Getting big returns from financial portfolios, whether through stocks, bonds, ETFs, other securities, or a combination of all, is an investor's dream. However, when you're an income investor, your primary focus is generating consistent cash flow from each of your liquid investments.
While cash flow can come from bond interest or interest from other types of investments, income investors hone in on dividends. A dividend is that coveted distribution of a company's earnings paid out to shareholders, and investors often view it by its dividend yield, a metric that measures the dividend as a percent of the current stock price. Many academic studies show that dividends make up large portions of long-term returns, and in many cases, dividend contributions surpass one-third of total returns.
Conagra Brands in Focus
Based in Chicago, Conagra Brands (CAG - Free Report) is in the Consumer Staples sector, and so far this year, shares have seen a price change of 0.67%. Currently paying a dividend of $0.33 per share, the company has a dividend yield of 3.84%. In comparison, the Food - Miscellaneous industry's yield is 0.12%, while the S&P 500's yield is 1.62%.

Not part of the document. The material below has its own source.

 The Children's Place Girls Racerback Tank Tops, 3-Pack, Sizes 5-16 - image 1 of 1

Taking a look at the company's dividend growth, its current annualized dividend of $1.32 is up 5.6% from last year. Over the last 5 years, Conagra Brands has increased its dividend 2 times on a year-over-year basis for an average annual increase of 9.98%. Future dividend growth will depend on earnings growth as well as payout ratio, which is the proportion of a company's annual earnings per share that it pays out as a dividend. Right now, Conagra Brands's payout ratio is 54%, which means it paid out 54% of its trailing 12-month EPS as dividend.

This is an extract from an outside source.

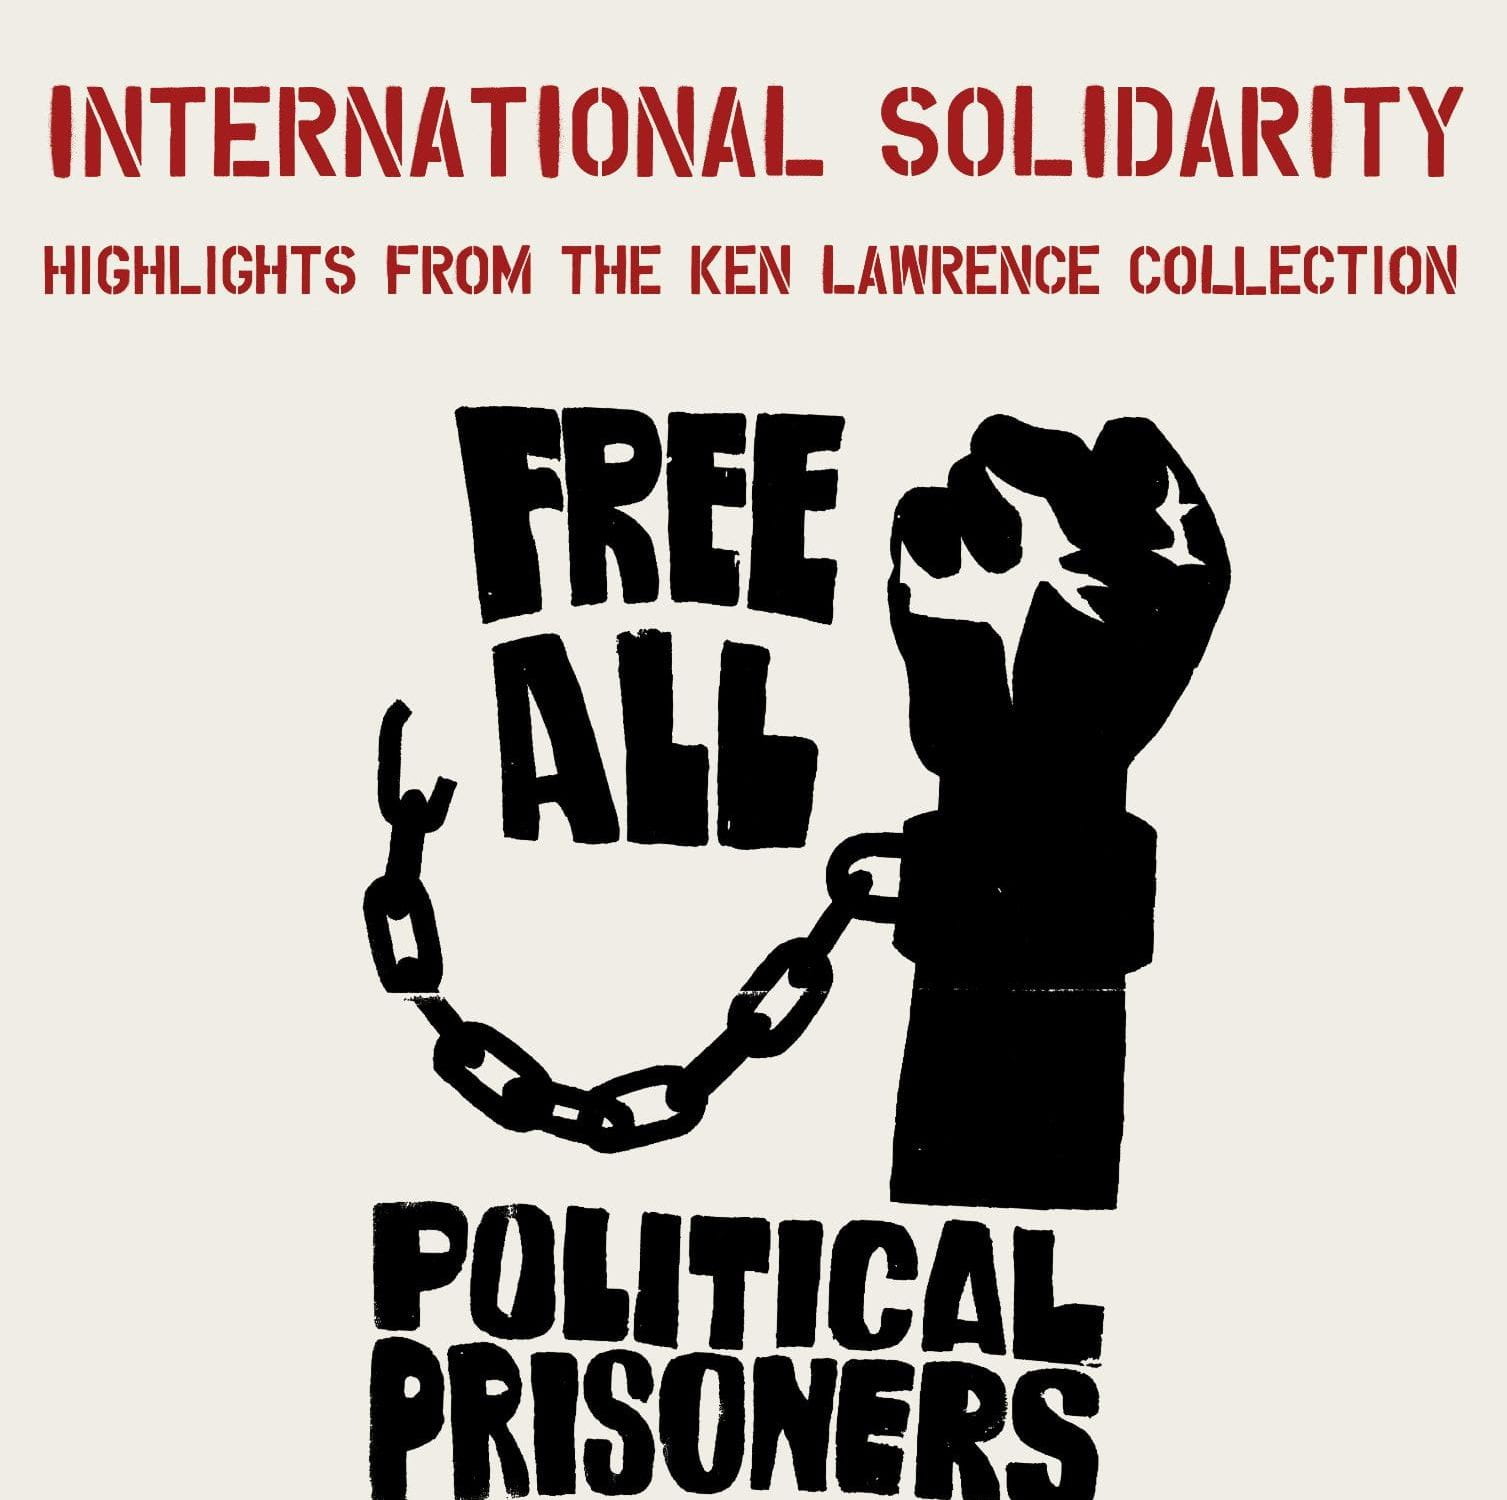 poster - international solidarity - "free all political prisoners"

Earnings growth looks solid for CAG for this fiscal year. The Zacks Consensus Estimate for 2022 is $2.43 per share, which represents a year-over-year growth rate of 2.97%.
Investors like dividends for a variety of different reasons, from tax advantages and decreasing overall portfolio risk to considerably improving stock investing profits. But, not every company offers a quarterly payout.
High-growth firms or tech start-ups, for example, rarely provide their shareholders a dividend, while larger, more established companies that have more secure profits are often seen as the best dividend options. During periods of rising interest rates, income investors must be mindful that high-yielding stocks tend to struggle. That said, they can take comfort from the fact that CAG is not only an attractive dividend play, but is also a compelling investment opportunity with a Zacks Rank of #2 (Buy).